As shown in Figure 3B and 3C, each 7th AJCC and 8th AJCC stage represented a distinct prognosis in the training set. Using RPA staging, patients with each 8th AJCC stage of disease and 7th stage IIA and IIB disease could be further stratified into subgroups with remarkably different OS rates; in contrast, OS was homogeneous when the patients with each RPA stage of disease were re-stratified by the 7th or 8th AJCC systems (Table 4). Of note, patients with 8th stage IA disease (median survival: 36 months) could be further stratified into RPA-IIA and RPA-IA subgroups depending on the presence or absence of extrapancreatic extension, and a 21-month difference in median survival was found between patients classified as having RPA-IA and those classified as having RPA-IIA disease (47 vs. 26 months, P <0.01). Additionally, patients with 8th T3N0 tumors extending beyond the pancreas and 8th T2-T3N1 tumors, who were classified into 8th stage IIA and IIB groups, respectively, actually had similar survival (median survival: 16 months for both; P =0.43) and were both re-classified into RPA-IIB according to the RPA staging system. The findings in stratified analyses were consistent when applied to the validation set (Table 5).

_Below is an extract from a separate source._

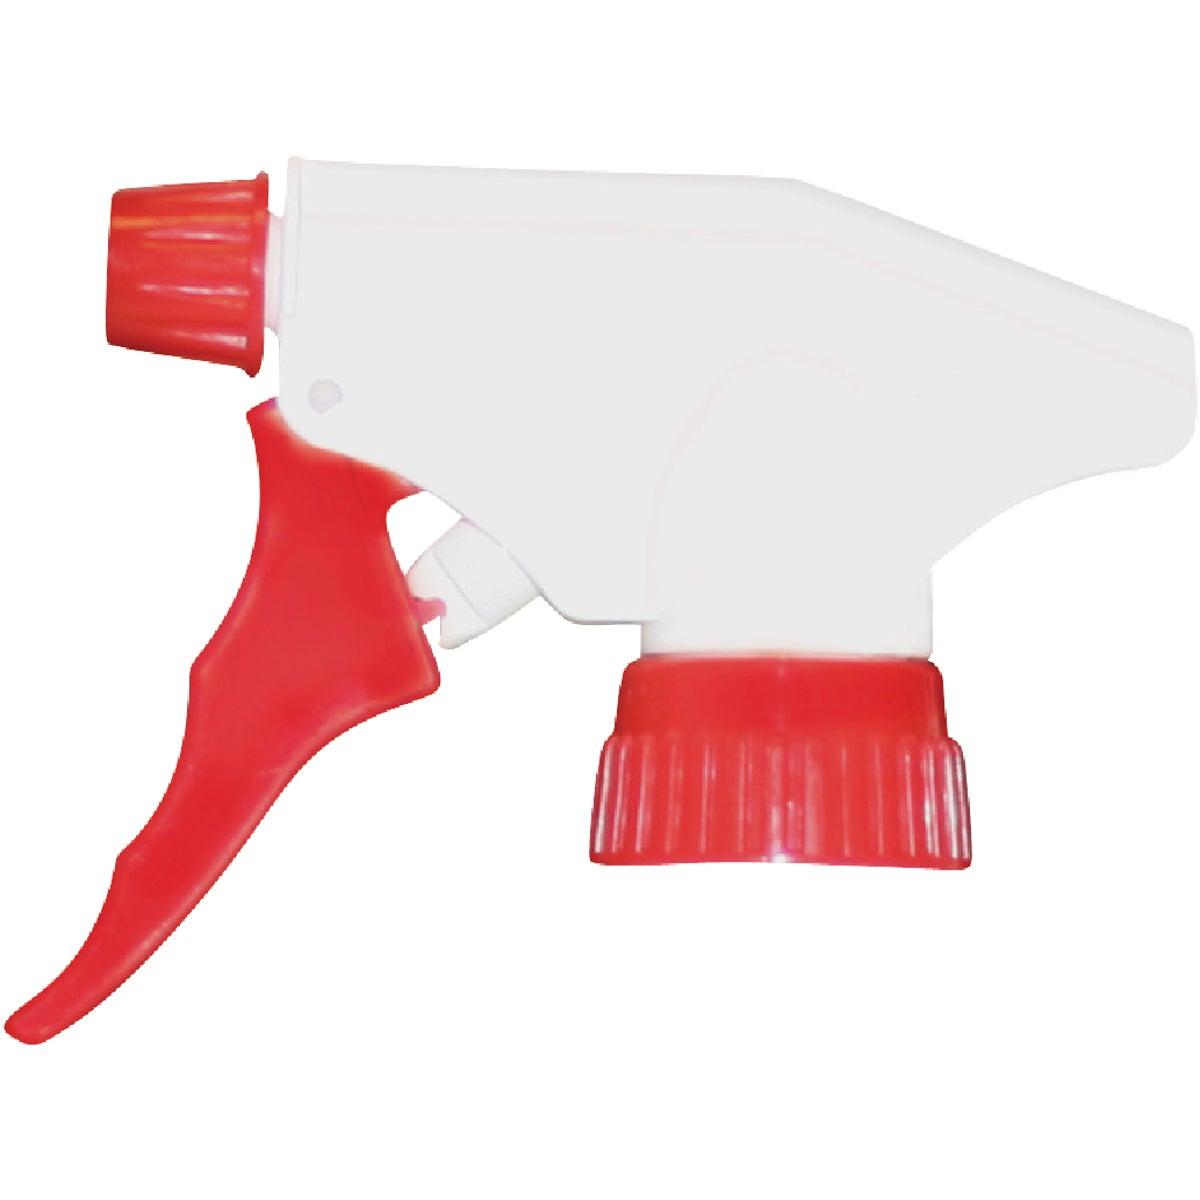 Replacement Sprayer Head

Table 6 lists the parameters used to measure the discriminatory ability and prognostic homogeneity of the RPA staging and the 7th and 8th AJCC staging schemes. For both the training and validation sets, the RPA staging system showed significantly greater discriminatory power than the 7th and 8th AJCC staging systems (training set: C-indices, 0.574 vs. 0.559; P <0.001; validation set: C-indices, 0.575 vs. 0.558; P <0.01) and the 8th AJCC staging system (training set: C-indices, 0.574 vs. 0.564; P =0.03; validation set: C-indices, 0.575 vs. 0.562; P =0.04). The RPA staging scheme also outperformed the 7th and 8th AJCC staging schemes in terms of the AIC and the likelihood ratio χ2 value in both the training and validation sets.

Discussion

The recently proposed 8th AJCC staging scheme [5] has notable modifications in the T and N classifications compared to the 7th staging scheme. Tumor size was the only factor considered to determine the 8th T classification for resectable PDAC regardless of the involvement of peripancreatic soft tissue, whereas node-positive disease was further classified into N1 (1-3 positive nodes) and N2 classification (≥4 positive nodes) in the 8th staging.

In the present study of patients with resectable PDAC from the SEER database, we first compared the performance of the 7th and 8th AJCC T classifications using stratified survival analyses. For patients with N0 disease, both the 7th and 8th AJCC T classification systems showed significant heterogeneity in survival when assessed against each other, suggesting that there is scope to improve both these schemes. Therefore, we performed RPA to develop a new staging scheme for resectable PDAC that incorporated the 7th and 8th T classifications along with the 8th N classifications.

RPA is a kind of nonparametric multivariable analysis that can repeatedly dichotomize the study population into smaller and smaller subsets [7]. The process of binary stratification is repeated based on covariates that maximize the change in an index of diversity, which accounts for prior probabilities and penalties for misclassification [11, 12]. Additionally, RPA is able to identify synergistic interactions among covariates [11]. Moreover, Kattan et al. reported that the RPA-based model exhibited a superior predictive accuracy to the traditional Cox proportional hazards regression model [13].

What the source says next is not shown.